I thought I’d share it with my readers.
While this might not be the most entertaining of my pieces, those of you
who share my enthusiasm for economics should enjoy it:
3/10/17
The Journal is
right (“How to Think About the Trade Deficit,” 3/10/17) when it states that the
national payments must “balance” and hence that a trade deficit must be
accompanied by a capital surplus of the same size. However, the Journal makes it sound as if the capital surplus arises because our
trading partners are falling all over themselves to invest in U.S. businesses,
real estate, and other hard assets. The
Journal gives short shrift to the
reality that the bulk of the capital surplus is invested in treasury securities
and mortgage and other asset backed securities.
It’s no accident that the era of huge trade deficits has coincided with
the era of huge budget deficits; while, as the Journal says, “foreigners are not forcing Washington to borrow,”
all those foreign held dollars looking for a safe place to park surely make it
easier and cheaper for the politicians to borrow and spend.

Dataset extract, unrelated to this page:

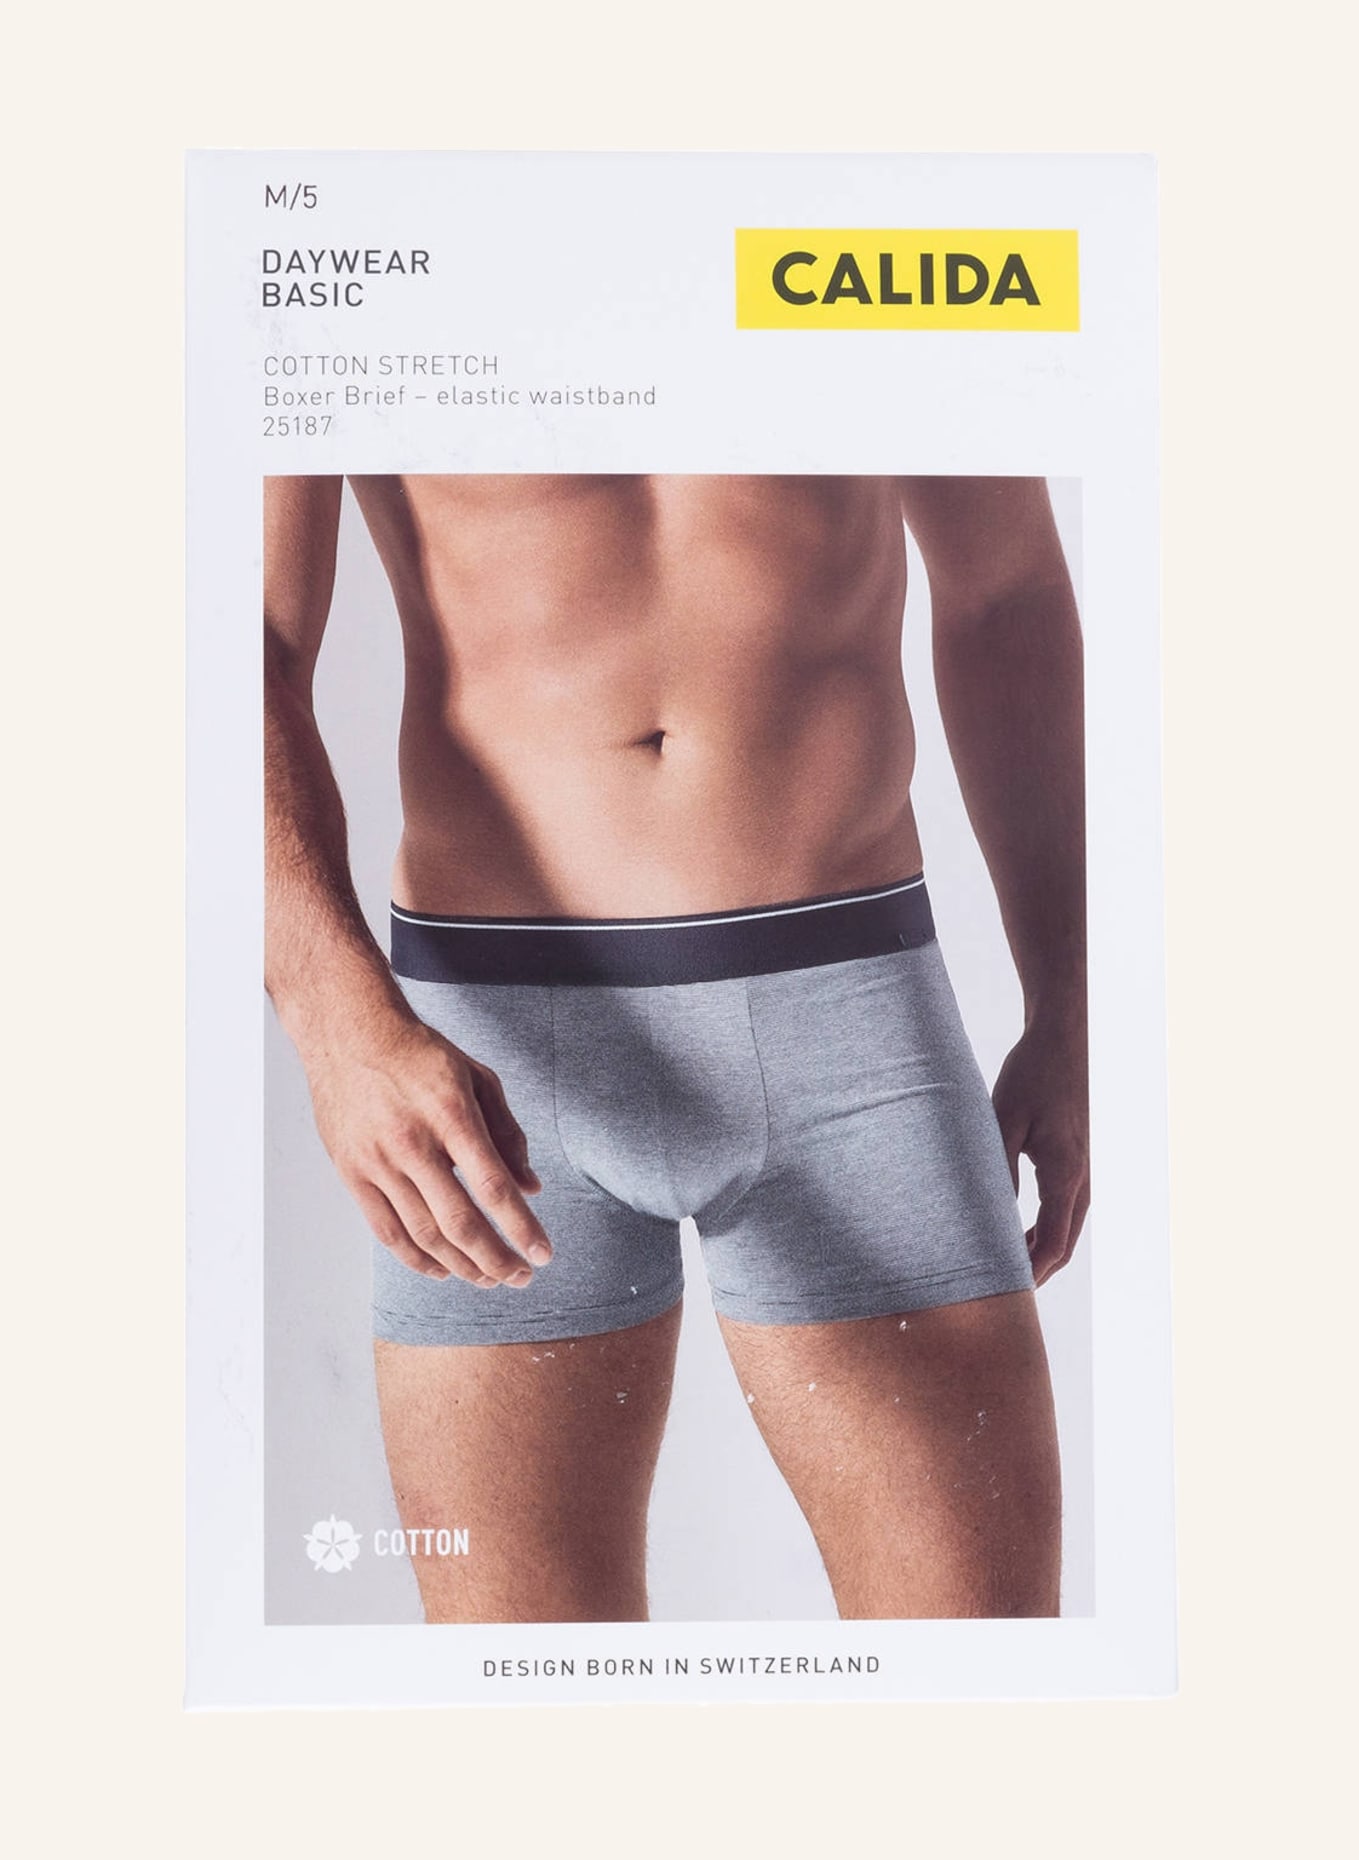 CALIDA Boxer shorts COTTON STRETCH in gray/dark blue striped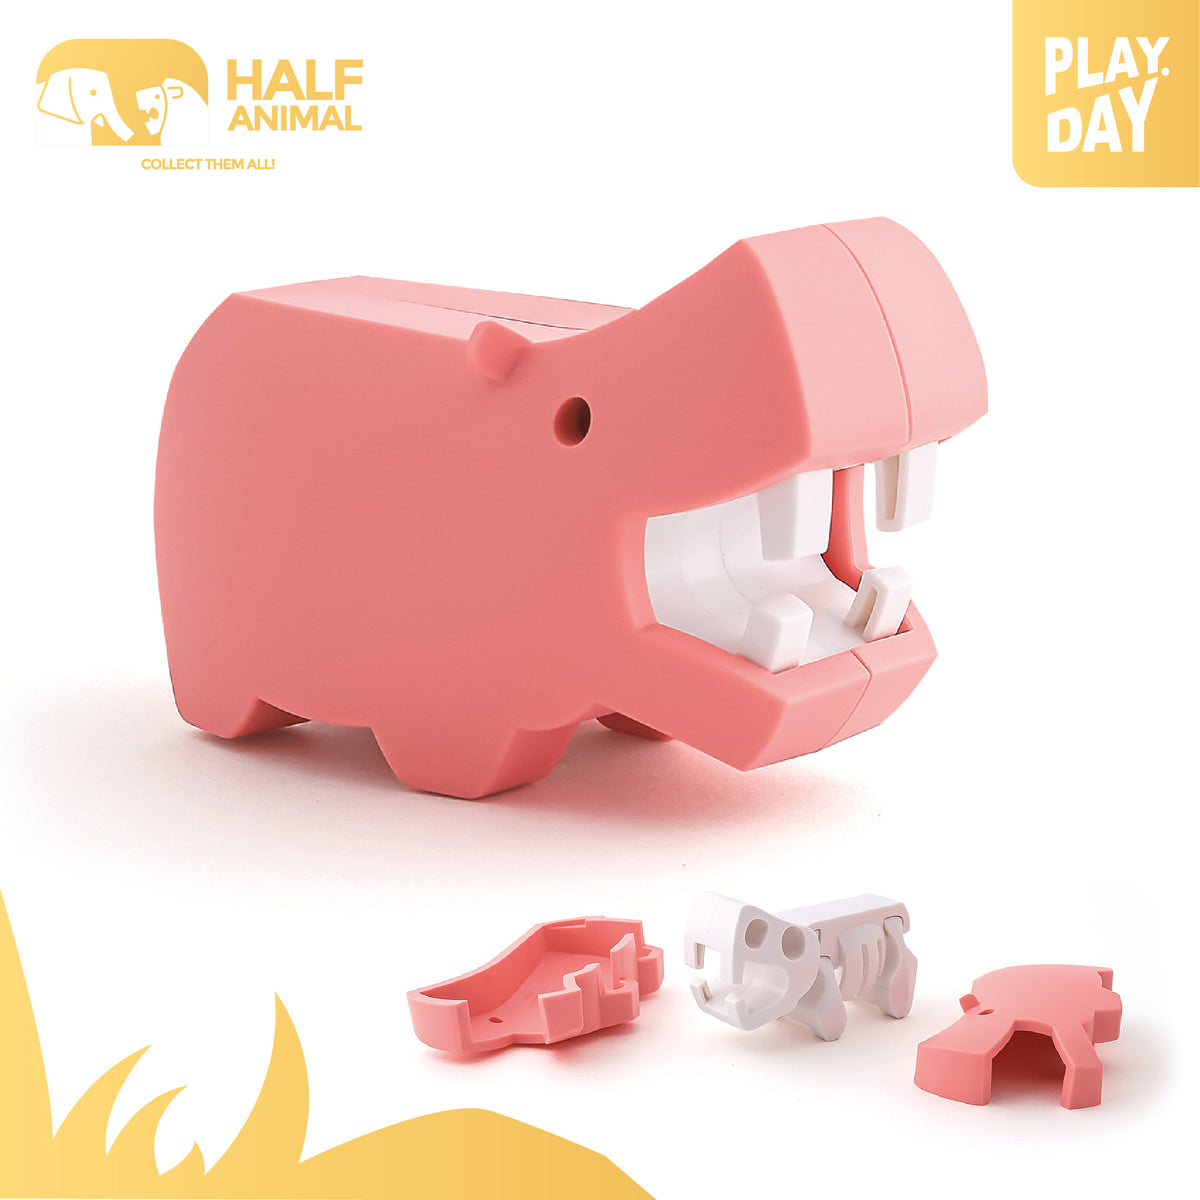 Halftoys Half Animal - Hippo

The Journal
is also correct when it states that “Americans are making millions of
individual decisions about how much to save,” but households’ being freed from
the necessity to save, and facing less incentive to save, by all those foreign
held dollars looking for a home surely skews those individual decisions in
favor or more spending and less saving.
To argue that a trade deficit is merely the flip side of a
capital surplus does not make the trade deficit a salubrious contributor to the
nation’s economic vitality. The trade
deficit and its companion capital surplus have intensified two troubling trends
of the last 30 or so years: a rapidly
growing government and an alarming drop in the savings rate. The former is expensive and detrimental to
the principles of freedom on which this country was founded. The latter is reflective of a deterioration
in the national character. Both necessitate
the importation of capital. Those who
think being dependent on foreign oil is dangerous ought to contemplate the
perils of being dependent on foreign capital.